If you're developing Internet or intranet software, two of the most interesting new features of the final JDK 1.1 release are object serialization and the new Remote Methods Interface (RMI). Developers will soon be able to use these two techniques to let objects on one Java1 Virtual Machine invoke methods on objects in another--a real boon to anyone developing applications for multiplatform, distributed computing. They'll also make it easy for one applet or Java application to communicate with others, whether the other code is running on a machine down the hall or on one across an ocean, connected only by the Internet. Finally, serialization will let you store and retrieve objects, and read them to and write them from streams as easily as numbers and characters.

This article is the first of a multipart series exploring these two new JDK 1.1 features. Based on the idea that you have to walk before you can run, this article explains the basics of serialization and how you can use it to handle objects in a distributed environment.

Who Needs Serialization ?

In most applications, data persistence is handled either by using text files or commercial databases, depending on the complexity of the application, and the availability of budgetary and programmer resources. For simple applications, text files can work well. They are flexible, relatively straightforward to work with, and not limited to use by one program. However, text files are not object friendly. When the file format becomes more complex than a simple table, or a parameter list--which is often the case for object-oriented applications--the code for managing such files can become unwieldy, and consume valuable programmer time.

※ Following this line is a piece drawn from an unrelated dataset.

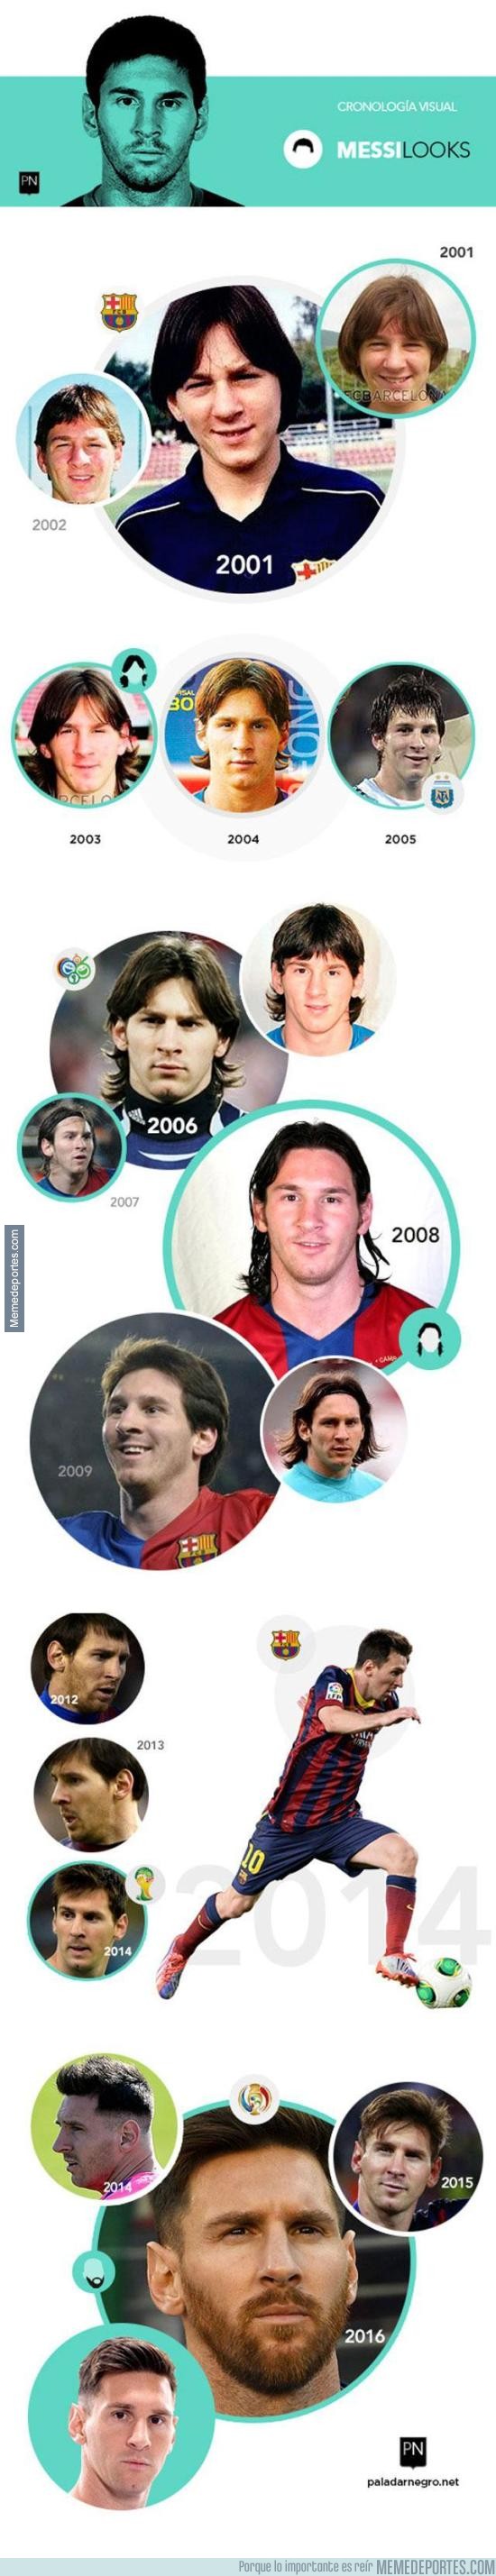 878206 - La cronología del look de Messi tras superar el récord de máximo goleador argentino

At the other end of the spectrum, relational and object databases work well for programs that require the special features that databases offer: transactions with rollback, record locking, indexing and the like. But they are generally expensive, can be difficult to manage, and are often overkill. Many project managers tend to equate persistence with databases: If a design requirement states that data must be saved, then it is often assumed that a database must be used. In many cases, all that is needed is an object-oriented file format that is well-integrated with the programming environment.

A similar situation exists in the less frequented world of distributed programming. Sockets are flexible and easy to use, much like files, but have the same problems when transmitting complex formatted data. Distributed object middleware based on CORBA has facilities for transmitting objects, but is a rather expensive solution.

Java object serialization provides a great medium-weight solution for saving objects to files and sending them over a network. Even for large projects that do use commercial databases or communications middleware, it can still be used as a valuable file format for auxiliary files or miscellaneous communication. In addition, the Java Remote Method Invocation and JavaBeans APIs both use object serialization for storing and communicating with objects. So in any Java application involving persistence or distribution, object serialization can be a powerful programming tool.

The design of object serialization allows for most common cases to be handled easily, but there are also many features that allow it to be scaled up to handle complex tasks. This article focuses on those aspects that will be most commonly used. There are two examples to show how objects can be easily saved to files, and a third showing how to use sockets to send objects over a network.

For a complete reference on serialization, particularly for those who want to get into the guts of how serialization is implemented, or explore its outer reaches, refer to the Java Object Serialization Specification.

How Does Serialization Work ?

Java object serialization allows objects to be easily written to, and read from streams, such as file streams or socket data streams. This gives programmers a quick way to save individual objects, or large structures of objects to files, or send them over network connections.

From the programmer's perspective, most of the work is done automatically. The serialization mechanism keeps track of the types of objects, the references between them, and many details about how data is stored. The serialization API is structured so that the most common cases can be handled very simply, while allowing for incremental increases in customization for more complex cases.

Example 1: How to Write Objects to a Stream


The best way to understand the concepts behind serialization is to see an example at work.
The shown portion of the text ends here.